DNMT inhibitors:Azacitidine (5-azacytidine) and its analog decitabine (5-aza-2-deoxycytidine) are clinically available DNMT inhibitors. Both drugs are metabolized intracellularly and incorporated into DNA during replication and exert DNMT inhibition through covalent binding of DNMT to azacytosine. DNA demethylating effect is usually seen at lower drug concentration while higher doses may also induce direct cytotoxicity. TET dioxygenases require alpha-ketoglutarate for enzymatic conversion of methylcytosine to 5-hydroxymethylcytosine. Alpha-ketoglutarate is a product of enzymatic conversion of isocitrate by isocitrate dehydrogenase isoenzymes IDH1 and IDH2 localized in cytoplasm and mitochondria, respectively. Point mutations in IDH1 R132 and IDH2 R140 and R172 result in loss of normal enzymatic activity and accumulation of 2-hydroxyglutarate (2-HG). 2-HG is a competitive inhibitor of alpha-ketoglutarate–dependent dioxygenases such as TET and results in DNA hypermethylation. Ivosidenib and Enasidenib are selective inhibitors of mutant IDH1 and IDH2, respectively. Both have been recently approved for treatment of relapsed refractory AML. Histone acetylation: Acetylation and deacetylation of histone tails is an importation mechanism of gene expression control. These modifications are catalyzed by histone acetylases (HAT) and deacetylases (HDAC), respectively. Several HDAC inhibitors have been approved for treatment of lymphoid malignancies (Table 7.1). The efficacy of these agents in myeloid malignancies is not yet well-defined.

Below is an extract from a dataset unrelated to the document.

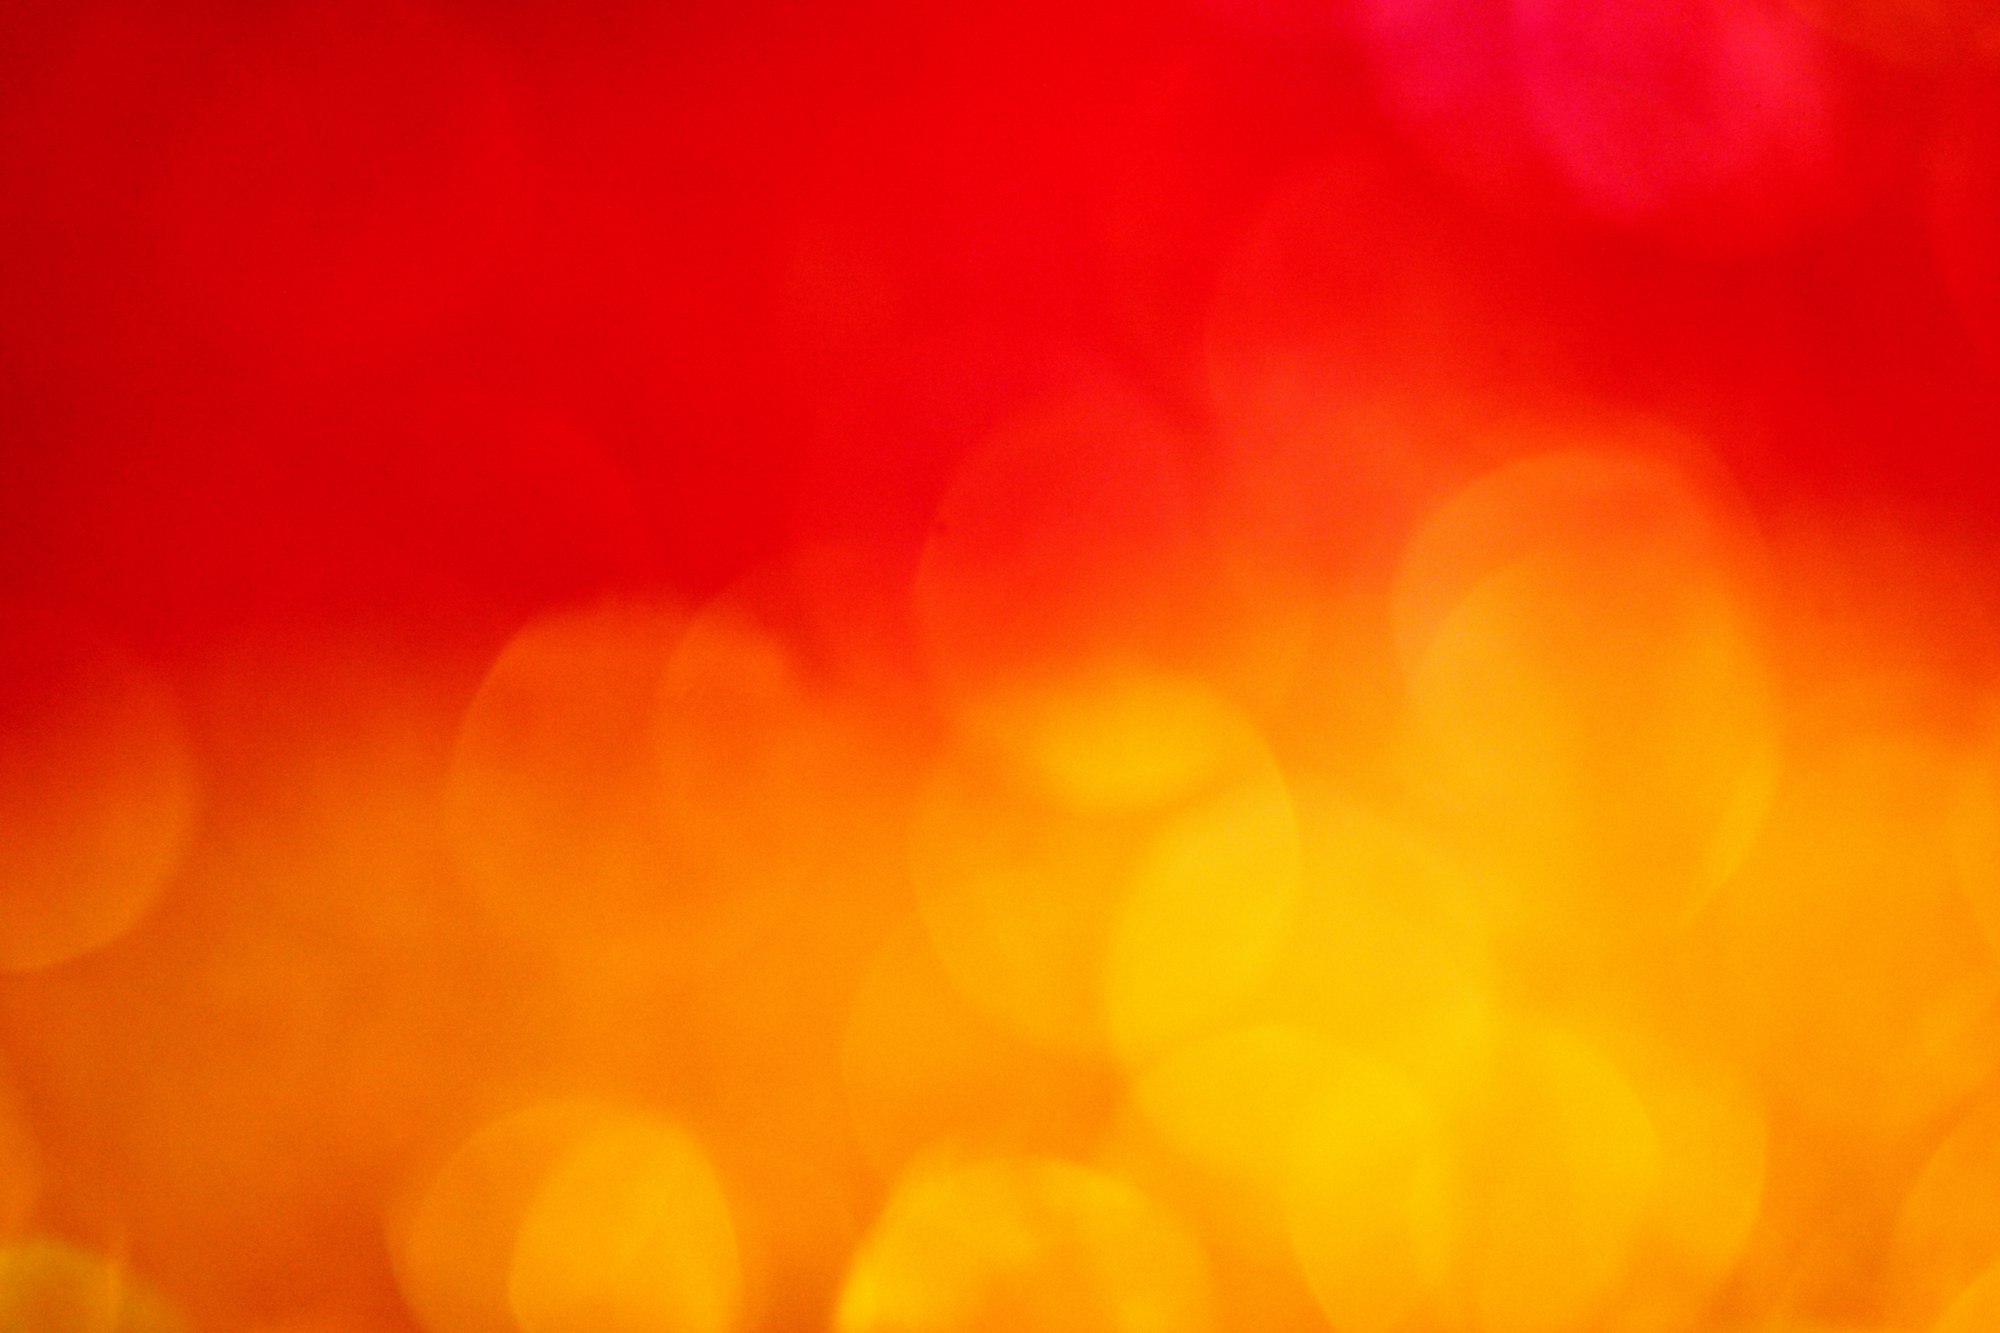 Warm red and orange bokeh fire background wallpaper.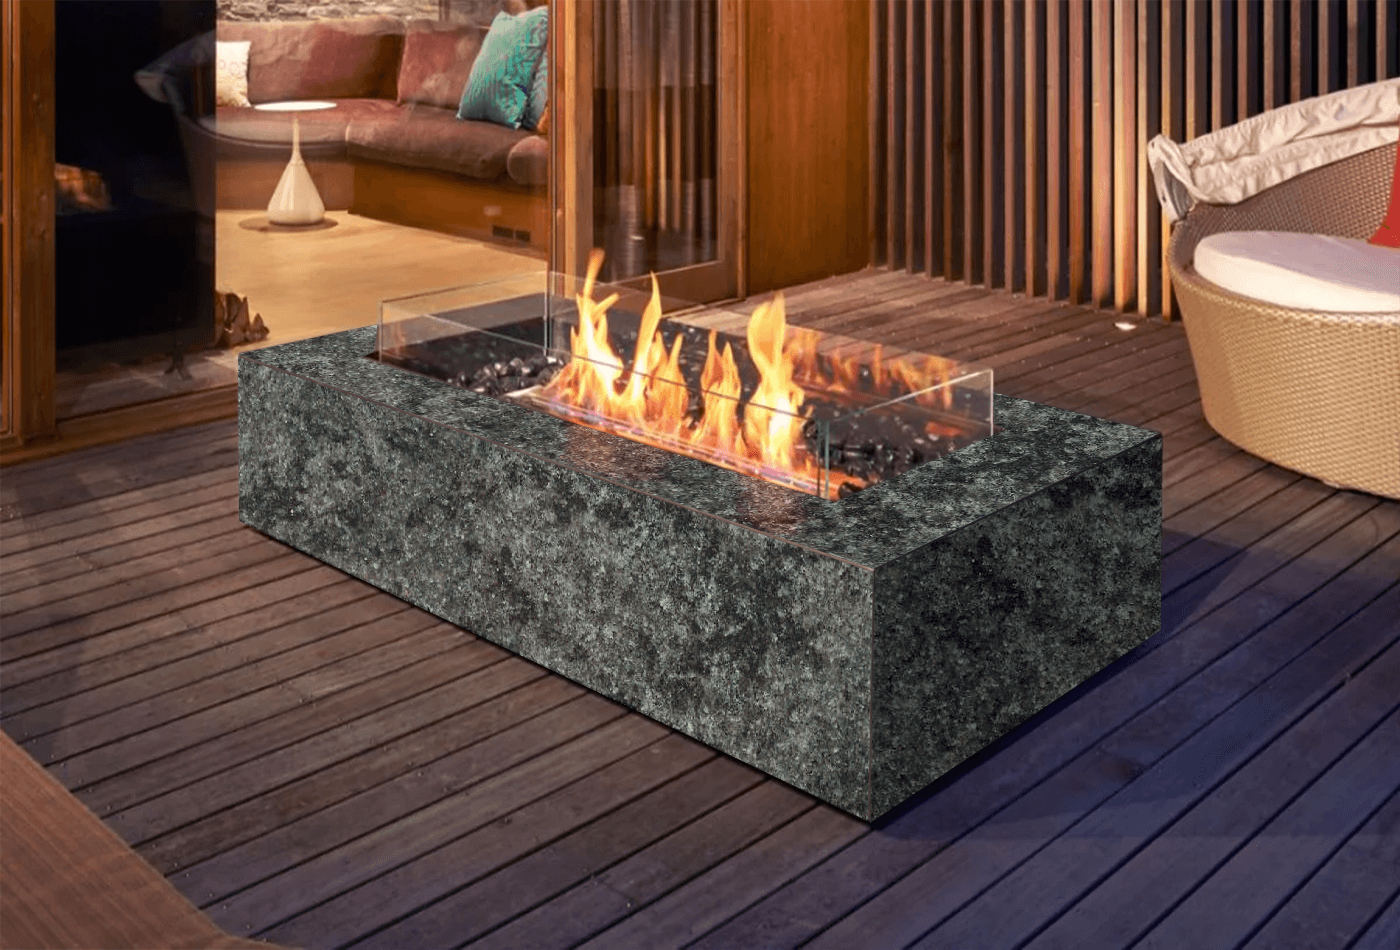 Why would you choose Green Granite for a fire pit

Histone methylation: EZH2 is a histone-lysine N-methyltransferase that catalyzes the addition of methyl group to H3K27. H3K27me is associated with transcriptional repression and heterochromatin formation. EZH2 is a catalytic component of the Polycomb Repressive Complex 2 (PRC2). EZH2 mutations, both gain and loss of function, have been identified in numerous hematologic malignancies and solid tumors. Of note, increased EZH2/PRC2 activity has been found in stem and progenitor cells. Thus, inhibition of EZH2 could potentially shut off the stem cell programs and promote differentiation. Phase 1/2 clinical trials suggested that EZH2 inhibition was well tolerated and produced antitumor activity in patients with refractory B-cell non-Hodgkin lymphoma and advanced solid tumors.